There's some big news (kind of) from the ASX banking sector worth discussing today. And it relates to Westpac Banking Corp (ASX: WBC) shares.
For quite a while, Westpac's fellow big four bank share ANZ Group Holdings Ltd (ASX: ANZ) had the honour (or perhaps dishonour) of being the highest-yielding ASX bank share out of the big four. But as it stands today, that title now belongs to Westpac shares.
Want proof? Well, right now, Westpac shares offer a dividend yield of 6.13%, which naturally comes fully franked. That's slightly higher than ANZ's yield of 6.03% at present. And it runs rings around the present yields of National Australia Bank Ltd (ASX: NAB) and Commonwealth Bank of Australia (ASX: CBA) which are 5.43% and 4.37% respectively.
So how has this happened?
Well, it's thanks in large part to the sluggish performance of the Westpac share price itself. A company's dividend yield is derived from two factors. The first is, of course, the raw dividends per share that a company pays out in the first place. But the second relates to a company's share price.

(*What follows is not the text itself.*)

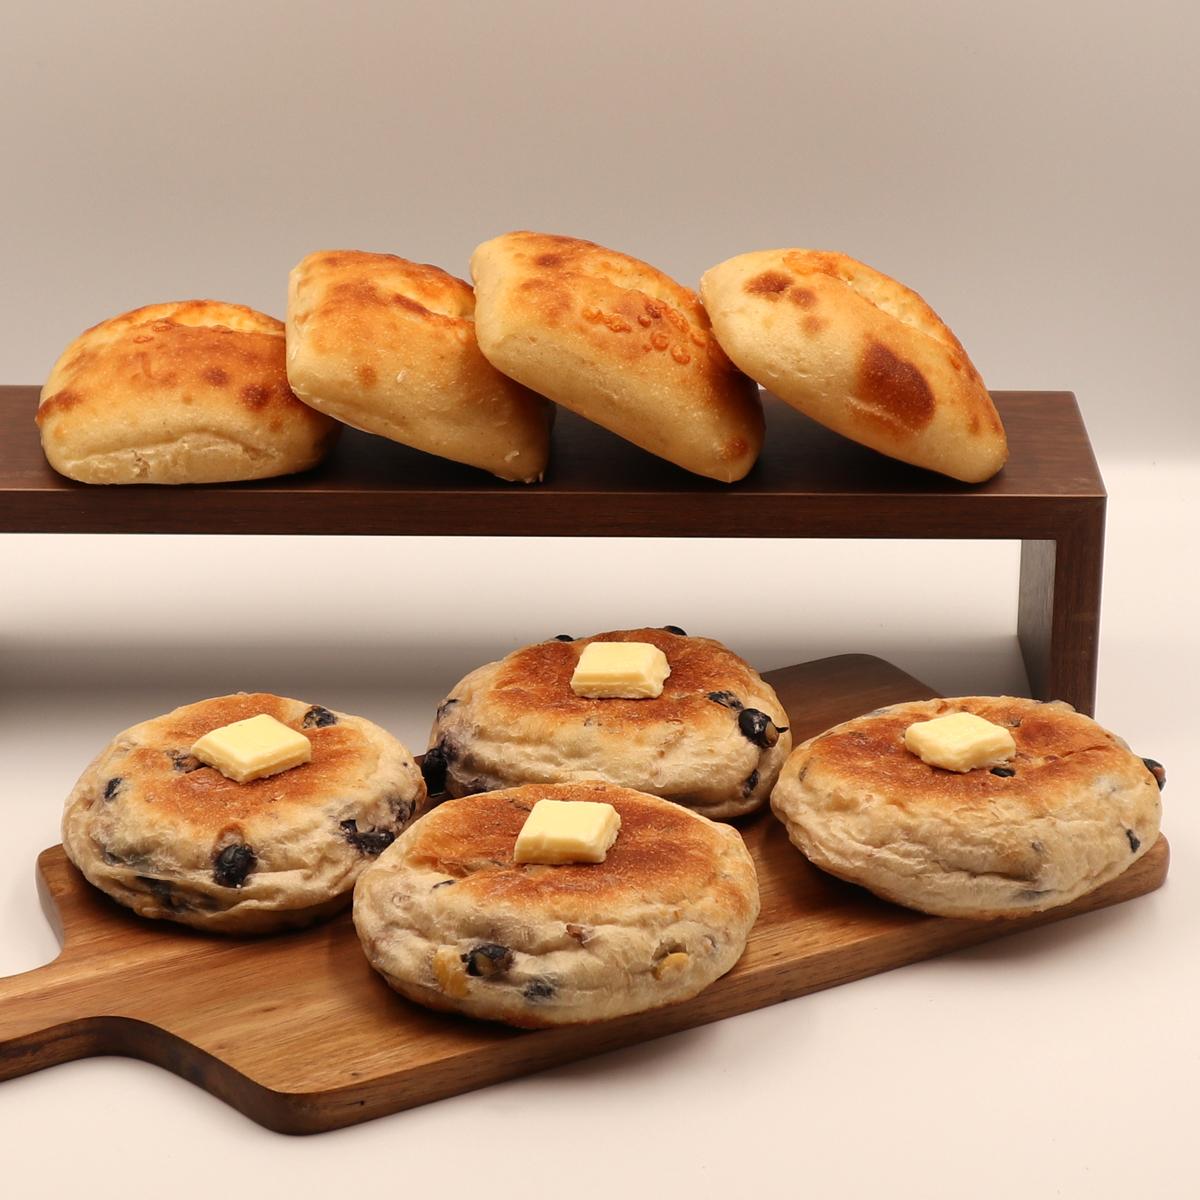 【NEW】十勝チーズパンととやま農場の黒豆塩バターパンセット

Why do Westpac shares now have the highest dividend yield out of the big four ASX banks?
If an ASX share has a share price of $100 and pays out an annual dividend of $5 a share, then it will have a yield of 5%. But if this company puts its dividends to $2.50 per share, then its yield will drop to 2.5%. Easy to follow.

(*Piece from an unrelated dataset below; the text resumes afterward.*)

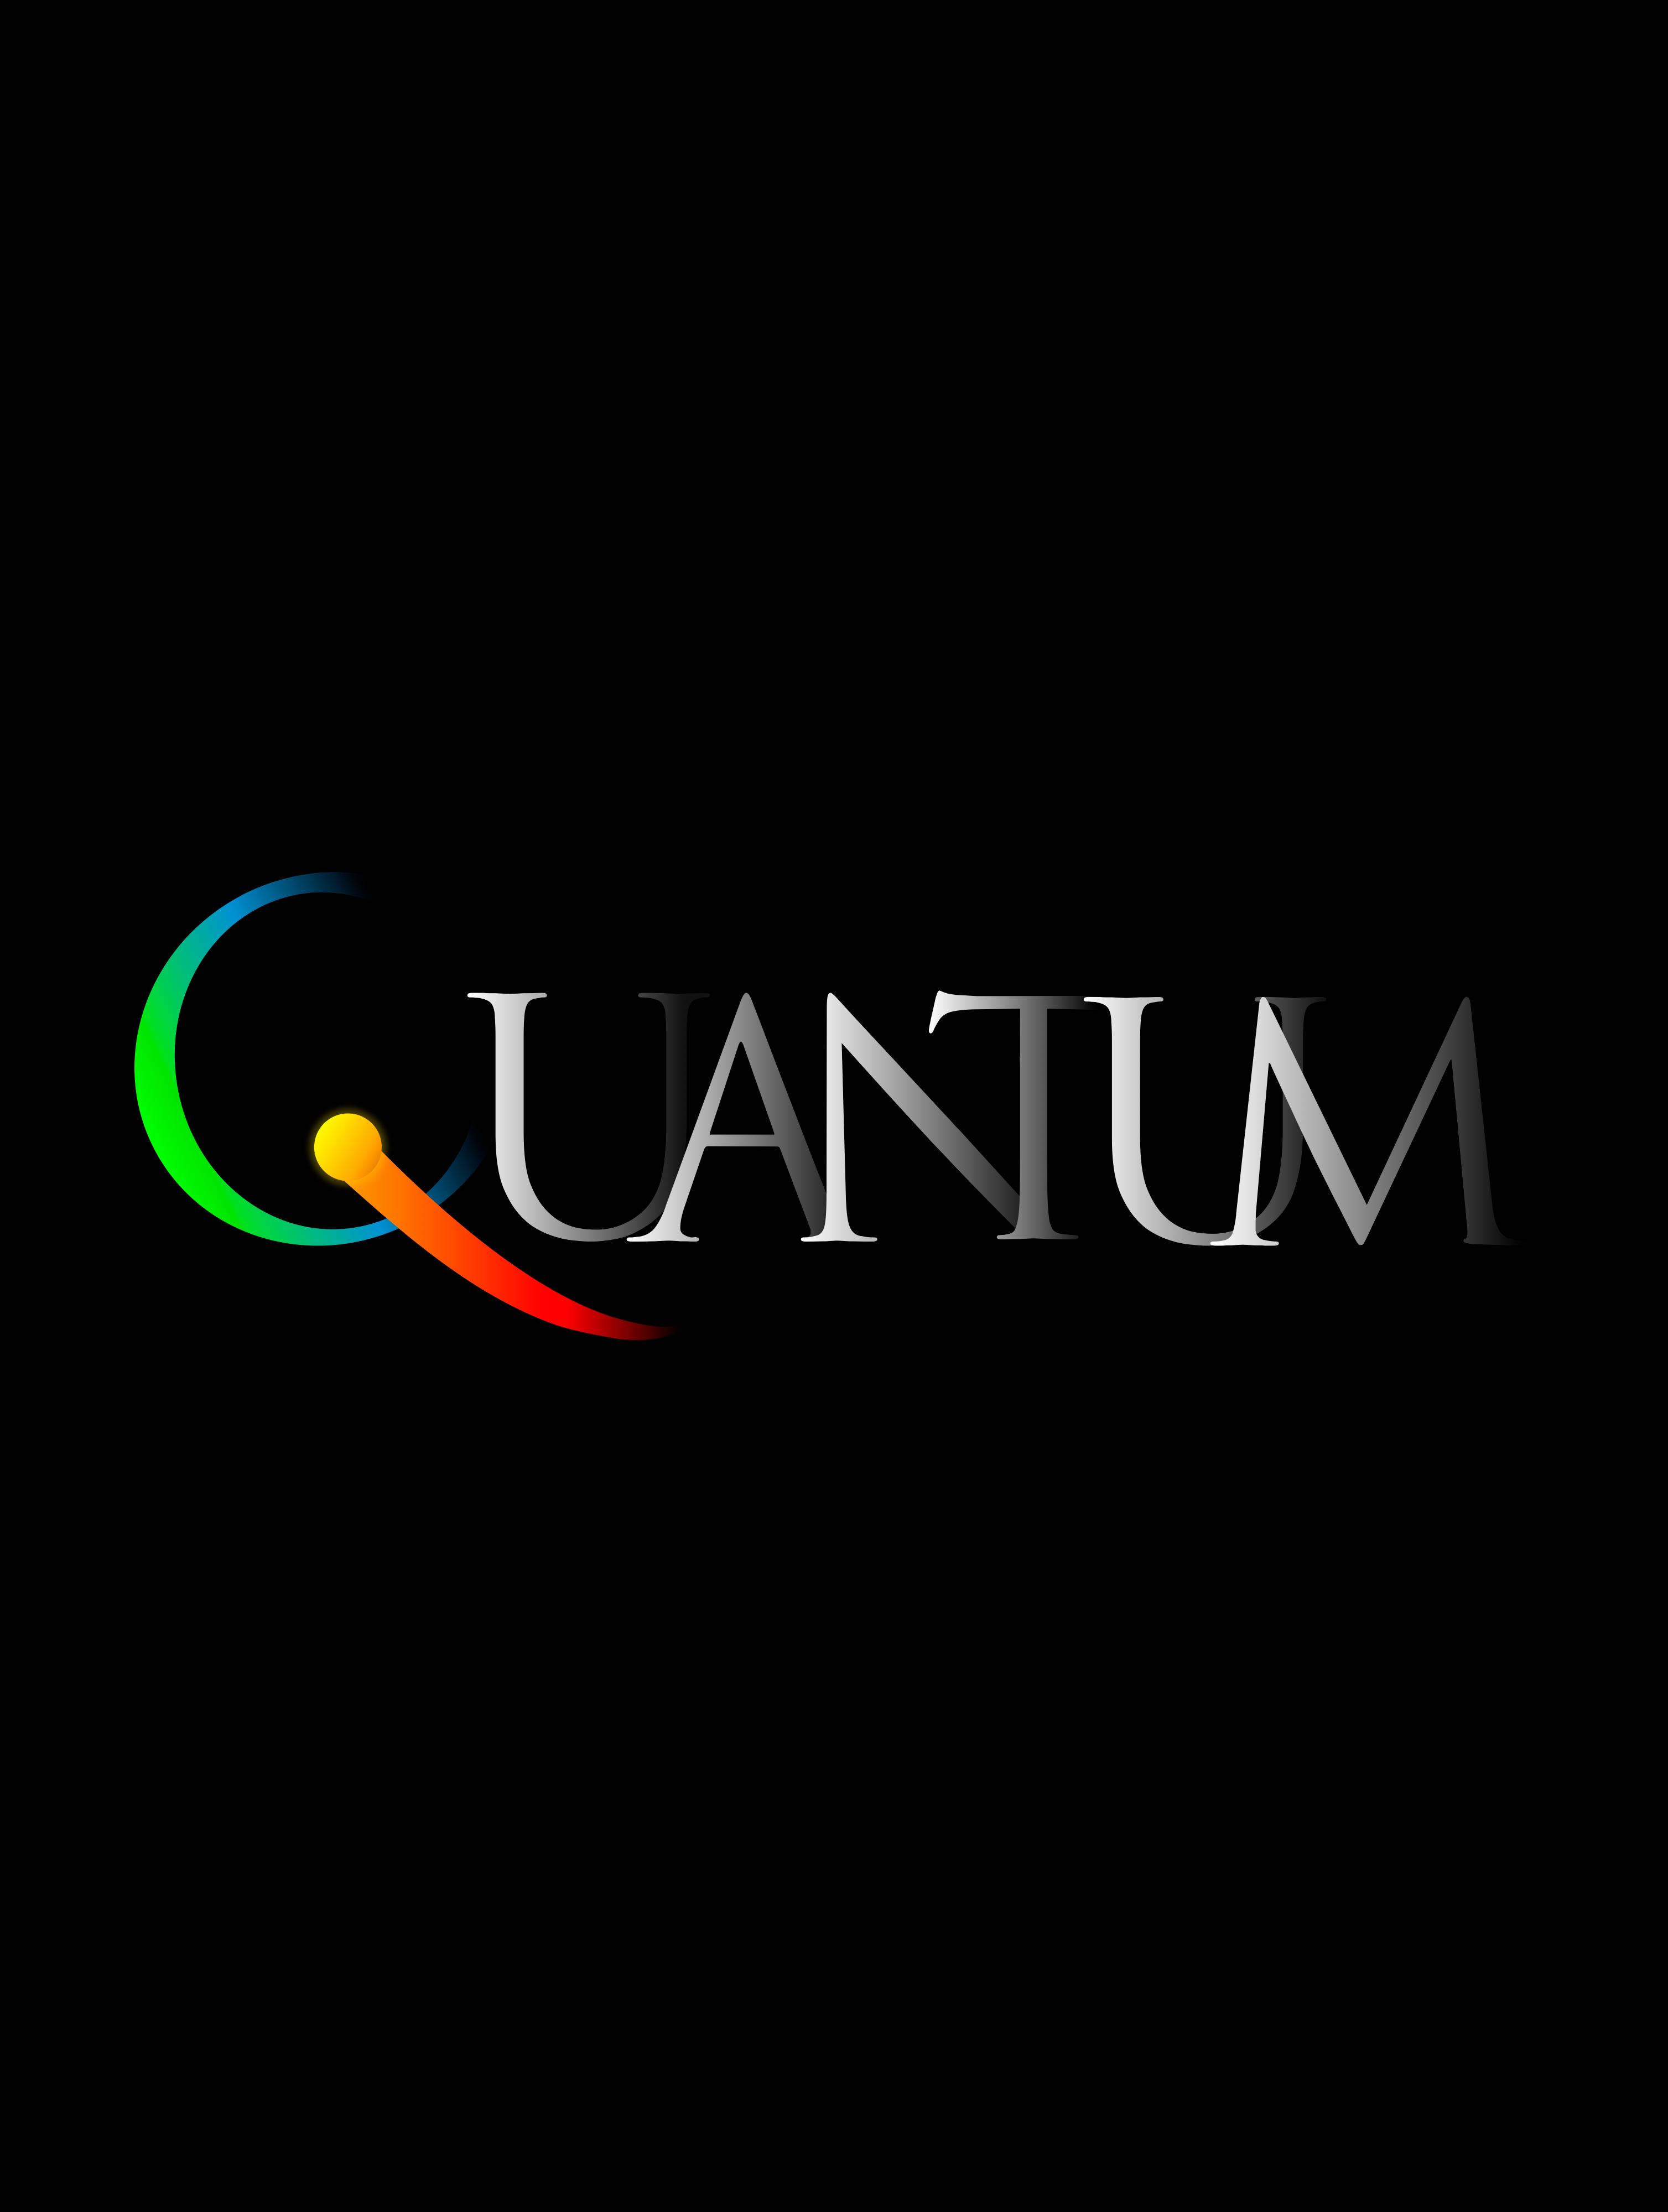 Редизайн логотипа бренда интеллектуальной игры фото f_4005bc5ec2412b9c.png

But say that same company is bid up to $200 a share thanks to the goodwill of investors. Even if it keeps paying out $5 per share, its actual dividend yield will also drop to 2.5%.

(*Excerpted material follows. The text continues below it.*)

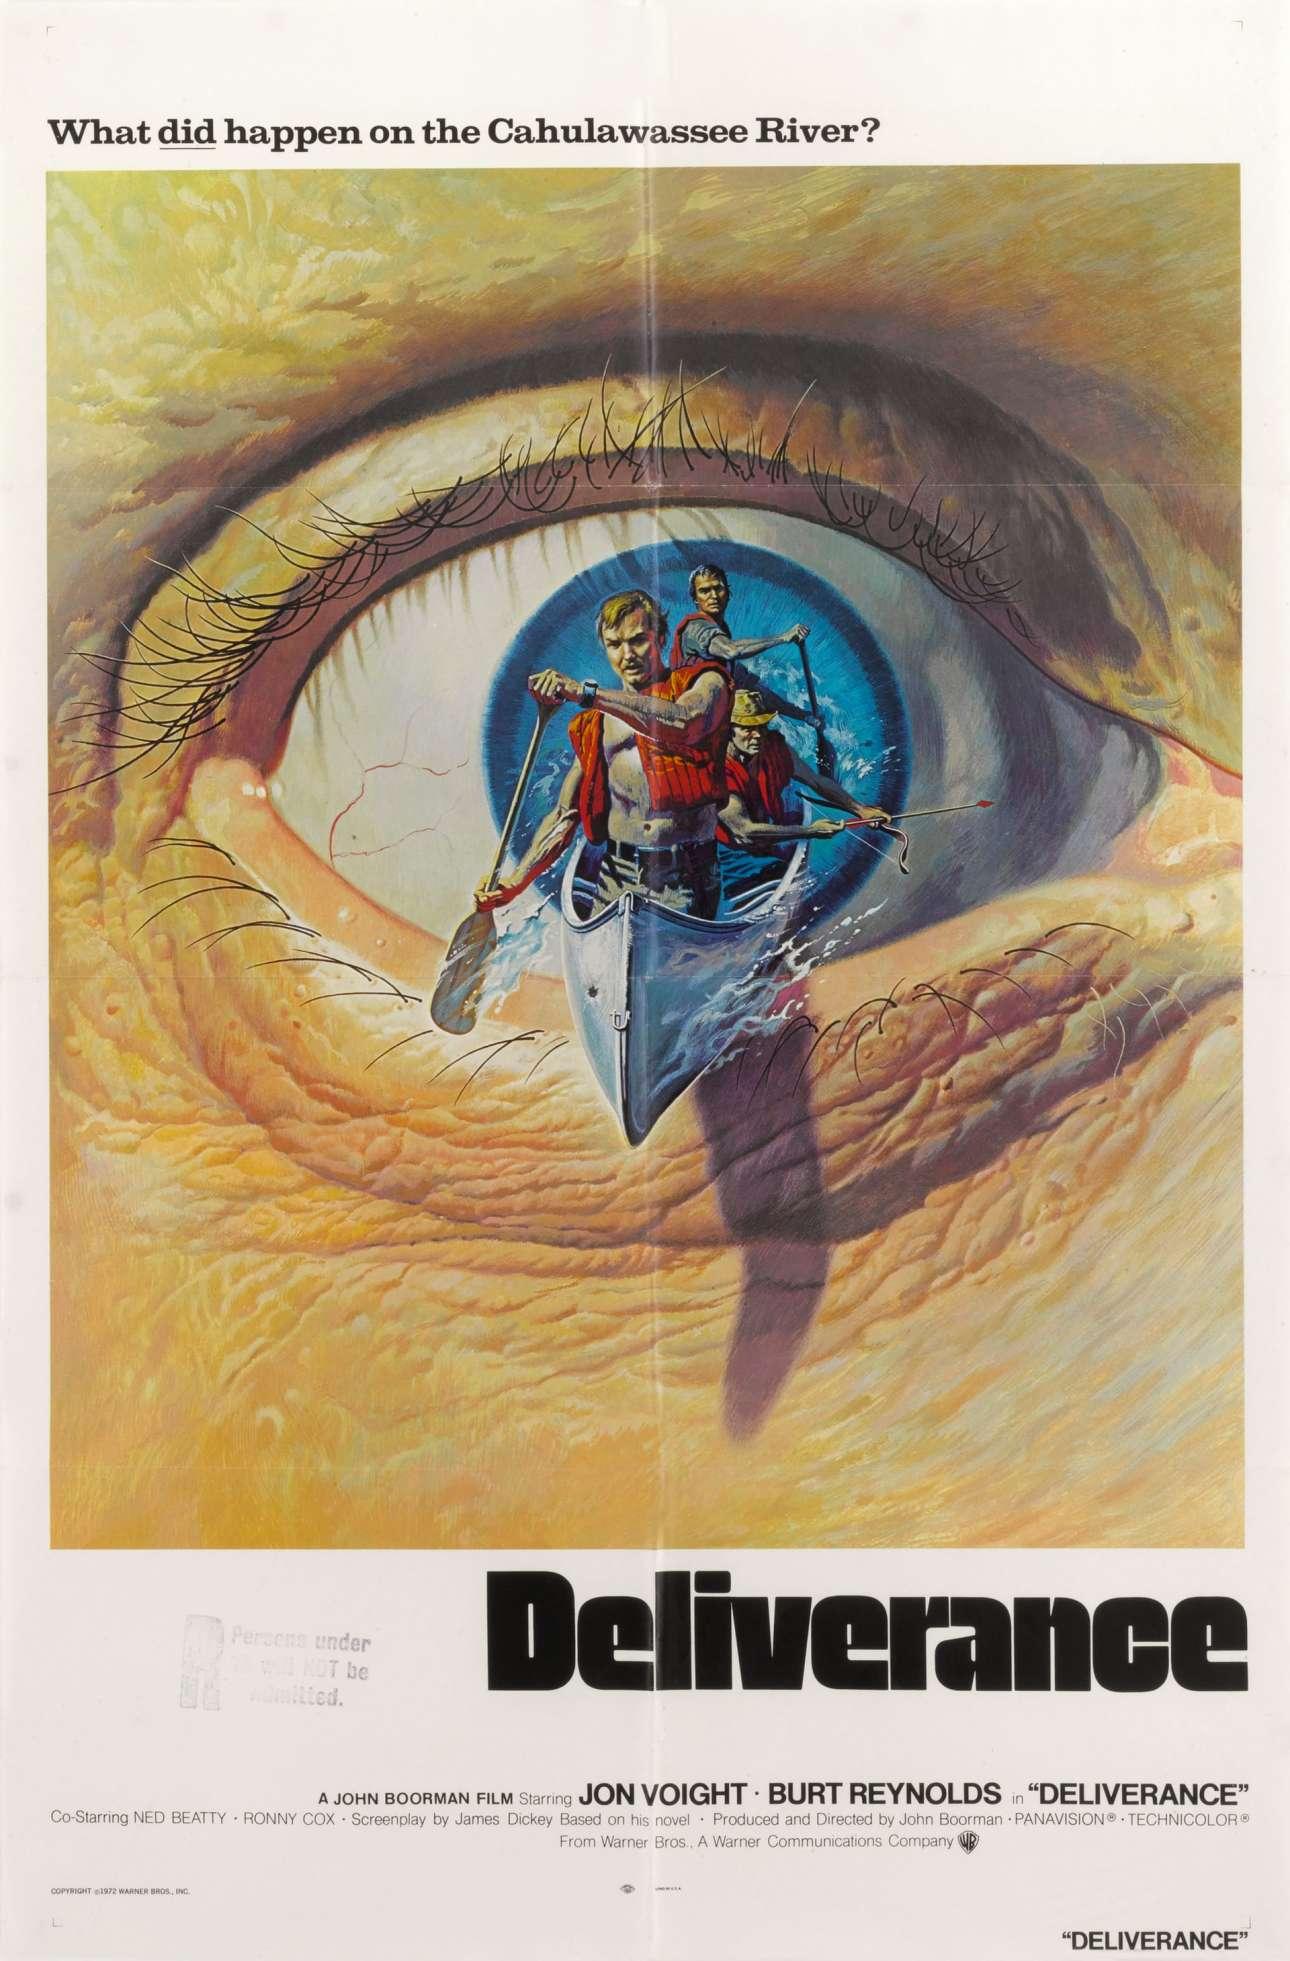 «Οταν Ξέσπασε η Βία» (Deliverance), 1972. Η αφίσα που κυκλοφόρησε στις ΗΠΑ έδειχνε χέρια κρατώντας τουφέκια να ξεπροβάλλουν από το ποτάμι. Ωστόσο, οι υπεύθυνοι για τη διεθνή καμπάνια ήθελαν κάτι λίγο πιο δυναμικό να αναπαριστά μια ταινία για ένα ταξίδι με κανό που μετατρέπεται σε κόλαση. Σκέφτηκα λοιπόν ότι θα ήταν υπέροχο αν είχε μια τρισδιάστατη ποιότητα και το κανό έμοιαζε να βγαίνει από το μάτι ενός από τους χαρακτήρες του νότου»

But this works in reverse too – a falling share price boosts a company's dividend yield. If that same company fell to $50 a share but kept its $5 annual dividend, its dividend yield would double to 10%.
That's why I mentioned that the title of 'highest-yielding ASX bank share' could be construed as a dishonourable one for Westpac.
So you can see how a company's raw dividends, as well as its share price, both play equal roles in the determination of a dividend yield.
In the case of Westpac, well, it hasn't been a great year for this ASX 200 bank share. Over 2023 to date, Westpac shares have, in fact, gone backwards by 3.8%. In contrast, ANZ shares have risen by a far healthier 11.56%, as you can see below:
NAB has treaded water with its small rise of 0.7%, while CBA is up 2% year to date.
So it is both thanks to the Westpac share price's sluggish performance in 2023, as well as ANZ's outsized gains, that have resulted in Westpac claiming the title of highest-yielding ASX big four bank share. Let's see how long it remains in Westpac's hands.